Byrnes saw and Accra mill

I already had a nice scroll saw that I bought about 15 years ago (but never really learned to use) as well as a 10″ table saw and a disc sander. I’m still looking for a deal on an oscillating spindle sander (the Ryobi one looks about right), but if anyone has any recommendations I’m all ears.

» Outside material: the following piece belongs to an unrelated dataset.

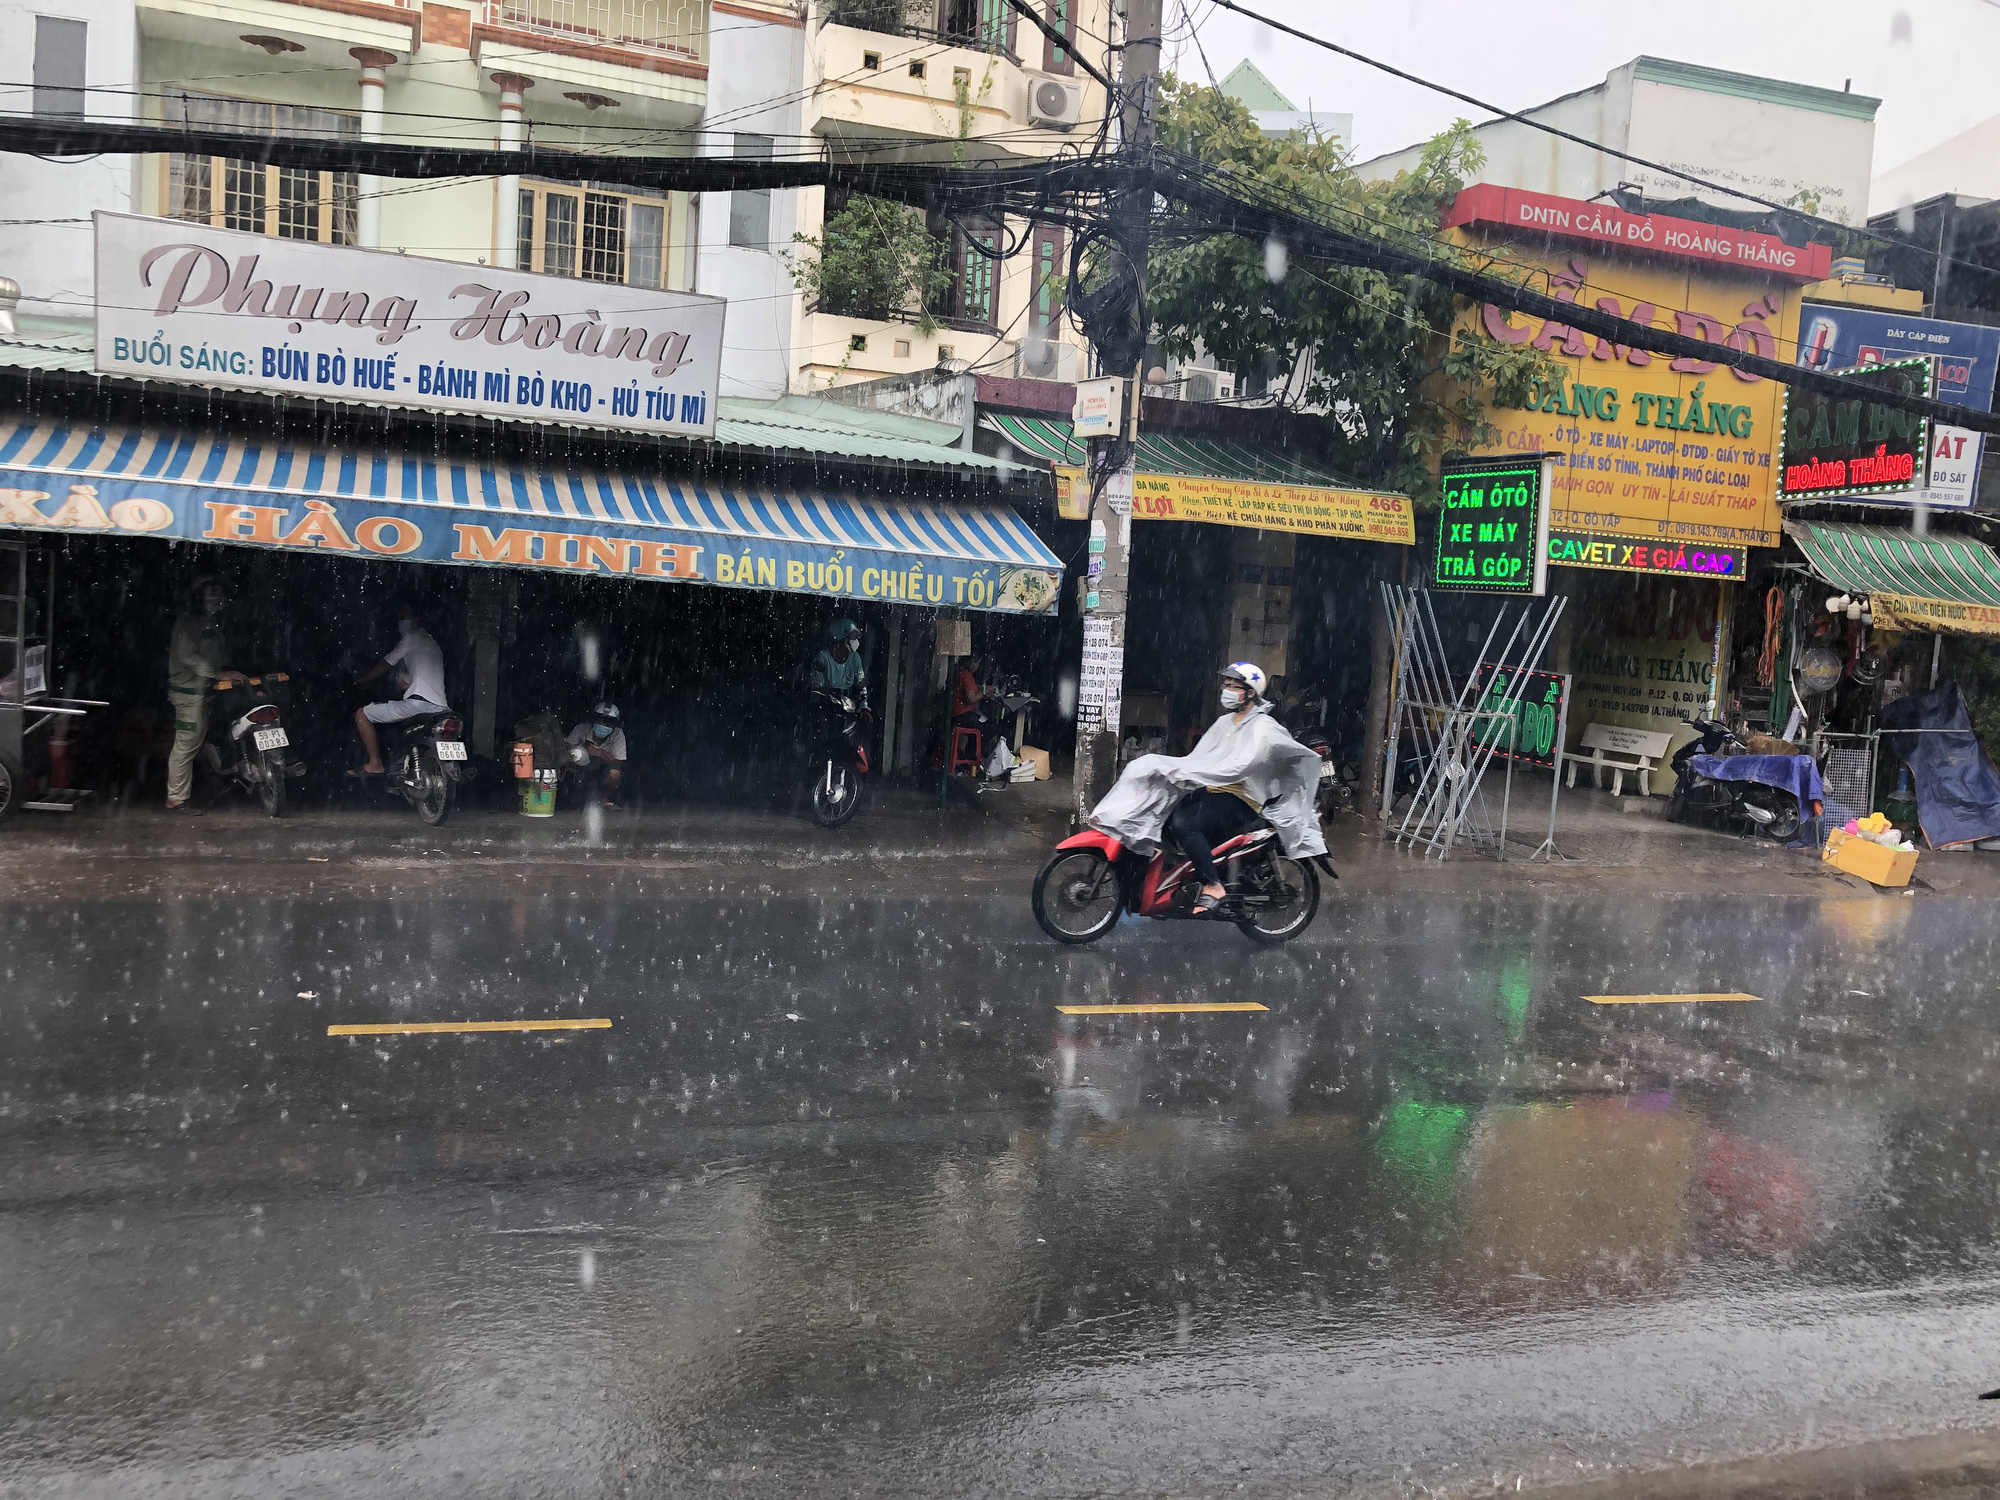 Nhiều đường ở TP HCM ngập nước, cảnh báo mưa giông tại các quận trung tâm - Ảnh 1.
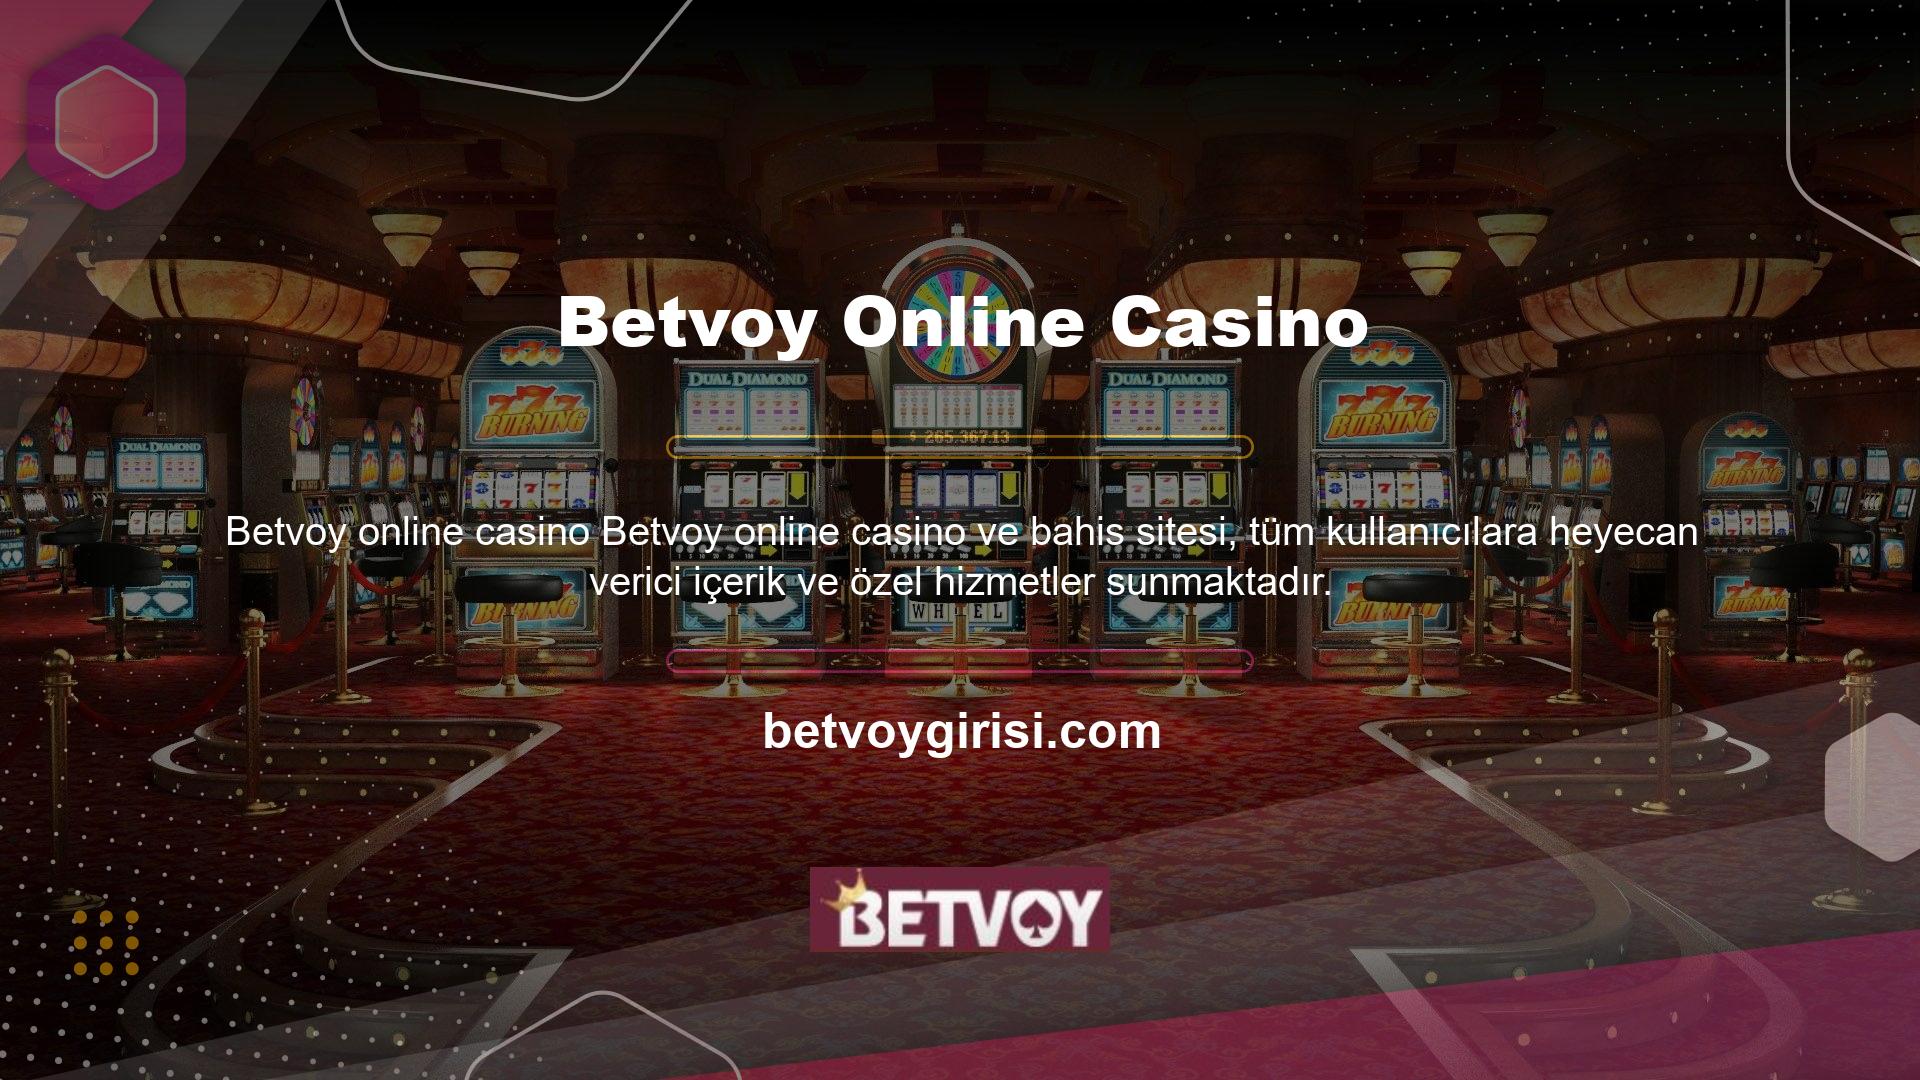 Betvoy, tüm kullanıcılar için spor bahisleri, canlı bahis, casino, canlı casino, sanal oyunlar, tavla, tombala ve daha fazlasını sunar

That big black thing sticking out of the side of the saw is just the hook up attachment for my shop vac.

History

Filed under: The beginning — admin @ 6:22 pm

It’s always been about ships for me. Even when I was a kid and all of my friends were building plastic models of airplanes and tanks, I always built ships, of course they were plastic models, but they were always ships. We took a family vacation up east and went to Mystic seaport one summer and I found a book on building ships in bottles. As soon as we got home, I built one and 30 years later it is still sitting on my parents mantle piece. When I was in college in about 1987, I found an advert in Smithsonian magazine from Model Expo, for a plank-on-bulkhead model of a Virginia pilot boat. I bought it and started it. It turned out crap, but I learned a lot from it. The next one was the Artesania Latina kit of the Harvey, a topsail schooner. Basically I chose it because it was the biggest ship in the catalog that I could afford. I have to admit, I did do a good job on her. Unfortunately, she has been in a crate in the basement for the past 13 years. The last time we moved -when I got out of the Navy (did I mention I spent 6 years in the Navy after college?), she didn’t fare so well and got beat up pretty bad in the move and she never made it out of the moving crate ever again (besides, I was informed by the better half that she no longer fit the decor). Here’s a pic of her now:

Hrvey 2006

As you can see, she’s a mess. the anchor is broken the standing rigging is sagging, the running rigging and the sails are in a shambles, the bowsprit is broken, she’s dirty etc…. You can also see the carcasses of few other unfinished models tossed in there. I keep the Willie L. Bennet and a model of a cat boat in my office (I need to take some pix of those). I really enjoyed building these, but they are all kits, and as such are slightly unfulfilling to me. I always admired the folks who made the plank-on-frame admiralty style ships from scratch. Those really speak to me and I’ve wanted to make one. But you know life happens and wife, kids, career all came along and ship modeling fell by the way side. About 3 years ago I discovered Rev. Romero’s Warrior practicum while surfing around on the net one day after seeing Master and Commander. I toyed around with the idea of building it but always found a reason not to. Well this year, I finally said “nuts, you’re 42 years old pal, it’s Christmas and your wife has absolutely no idea what to get you for a present.” So I called up Pier books and ordered volume one of the practicum. She was off the hook and I haven’t looked back since.